# My attorney isn't looking after my interests



## everafter (Mar 10, 2011)

He had me sign paperwork which would have left me relatively destitute, and my husband well off. I called it off in time, but now I feel like I should get someone who is more on my side. I am resentful that I have wasted time and money and am no closer to being divorced than 3 weeks ago. Lawyers which have been recommended to me cost $250/hr. 

I noticed that my husband stopped wearing his wedding ring. 

But I am happy that I was able to deal with him today without crying after, and without the surges of pain I had been having. I was even able to make jokes.


----------



## staircase (May 16, 2011)

Yeah, that's rough. I'm sorry! A friend of mine lost a lot of time and money with a worthless lawyer on child visitation and other kid related things. Nothing catastrophic happened, but she had to come up with a lot more money to mitigate the damage from the first lawyer. She's in a sucky spot.

Lawyers suck, so expensive. Maybe if you keep looking around you can find one to tweak the papers you have so it doesn't cost as much?


----------



## 827Aug (Apr 27, 2008)

I'm sorry. Sometimes spending the extra money is worth it in the long run. I believe my attorney is now charging $400/hr and he is a two hour drive from my house. He is really good though. 

He has some good policies regarding divorce negotiation. The one I like best is when he sees I'm getting emotional discussing "settlement" issues, he stops. He says we can discuss it further at another time. He tells me to go home and think about what we discussed. He says there is no hurry and a decision shouldn't be made while I'm in an emotional state. That's probably good advice for you as well, since your attorney isn't looking out for your best interest.

Is your attorney strictly practicing family law? That's really helpful as well. Back when my estranged husband had an attorney, his attorney was general practice. My attorney was walking all over him.


----------



## staircase (May 16, 2011)

:'( $400/hour? I was seriously going to slap my lawyer when she said $250


----------



## 827Aug (Apr 27, 2008)

staircase said:


> :'( $400/hour? I was seriously going to slap my lawyer when she said $250


Yep, he's a Harvard grad with 40+ years experience in family law. My first attorney was a general practice attorney charging $250/hour. After two appointments I saw she didn't have a clue. Even at $250/hour she was a complete waste of money.


----------



## Kauaiguy (May 8, 2011)

As with anything else, YOU GET WHAT YOU PAY FOR. This includes attorneys, and even if you get a costly one, he may not even be looking out for your interest. However EXPERIENCE does count and can even save you money in the long run.

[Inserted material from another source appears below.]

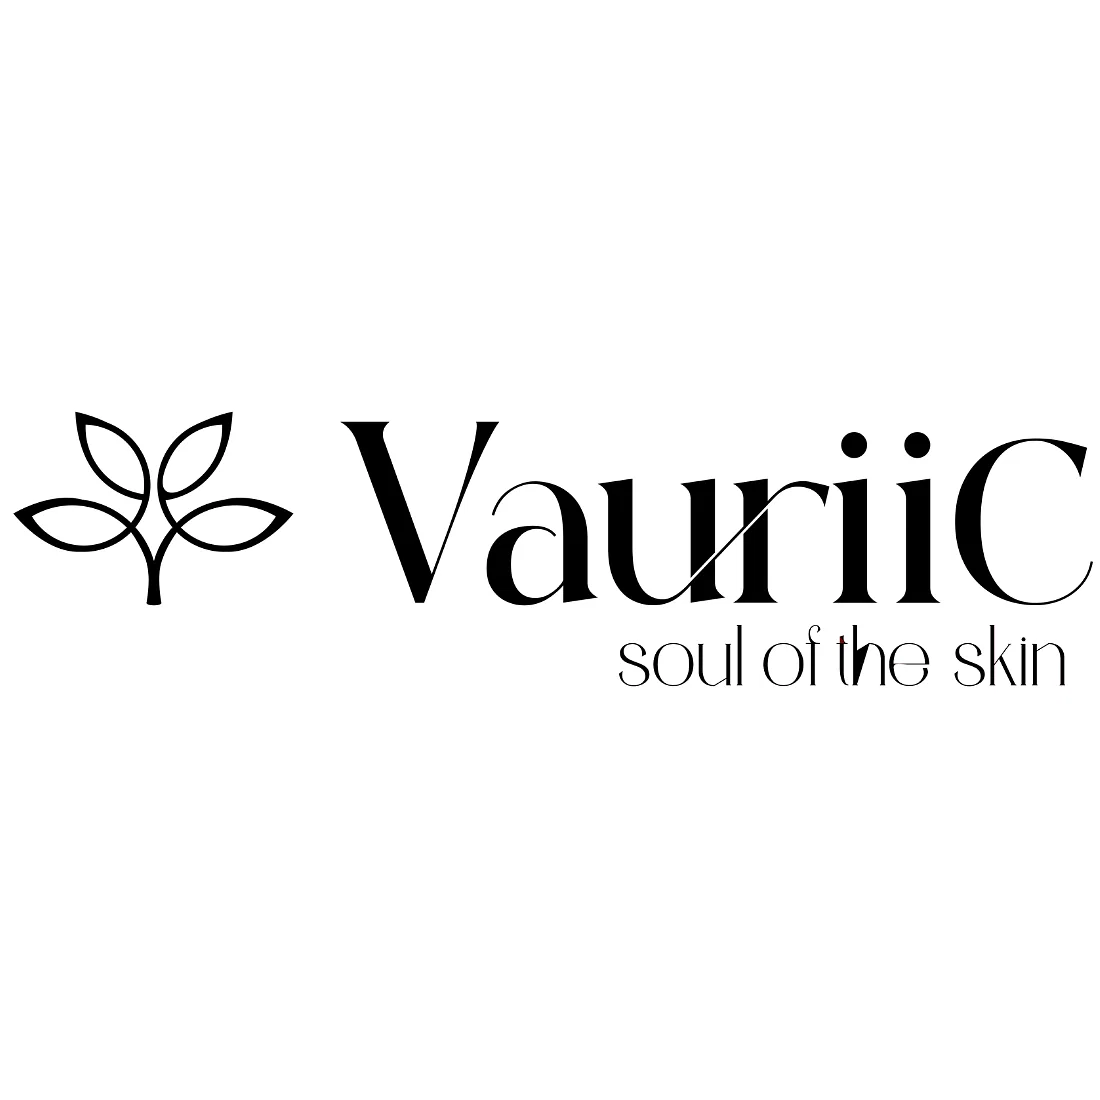 vauriic2912 Profile Picture

I had to dump mine after only one session which cost me almost $400 bucks. He was too aggressive to the point where he wasn't even listening to my concerns. He just wanted to go after the jugular, which would have ended up in a messy situation.

Fortunately my ex and I were able to negotiate and we used her lawyer to work things out. It wasn't too bad ... her cost approximately $3000.00 to finalize things.

Although he wasn't all that honest either because she was initially quoted $2400 to finalize an uncontested divorce, but suddenly she was charged an additional $600.00 fee for whatever reason.

However, we got away relatively cheap. I just hated seeing nearly my $400.00 (which I could have used for moving expenses) go out the window.


----------



## everafter (Mar 10, 2011)

I now think I'm going with one who costs $275, but is a collaborative attorney. I hope my husband will find change attys to one that is also, so we can do that process. Still what a collosal waste of money on the first one. Glad it wasn't $400/hr though!


----------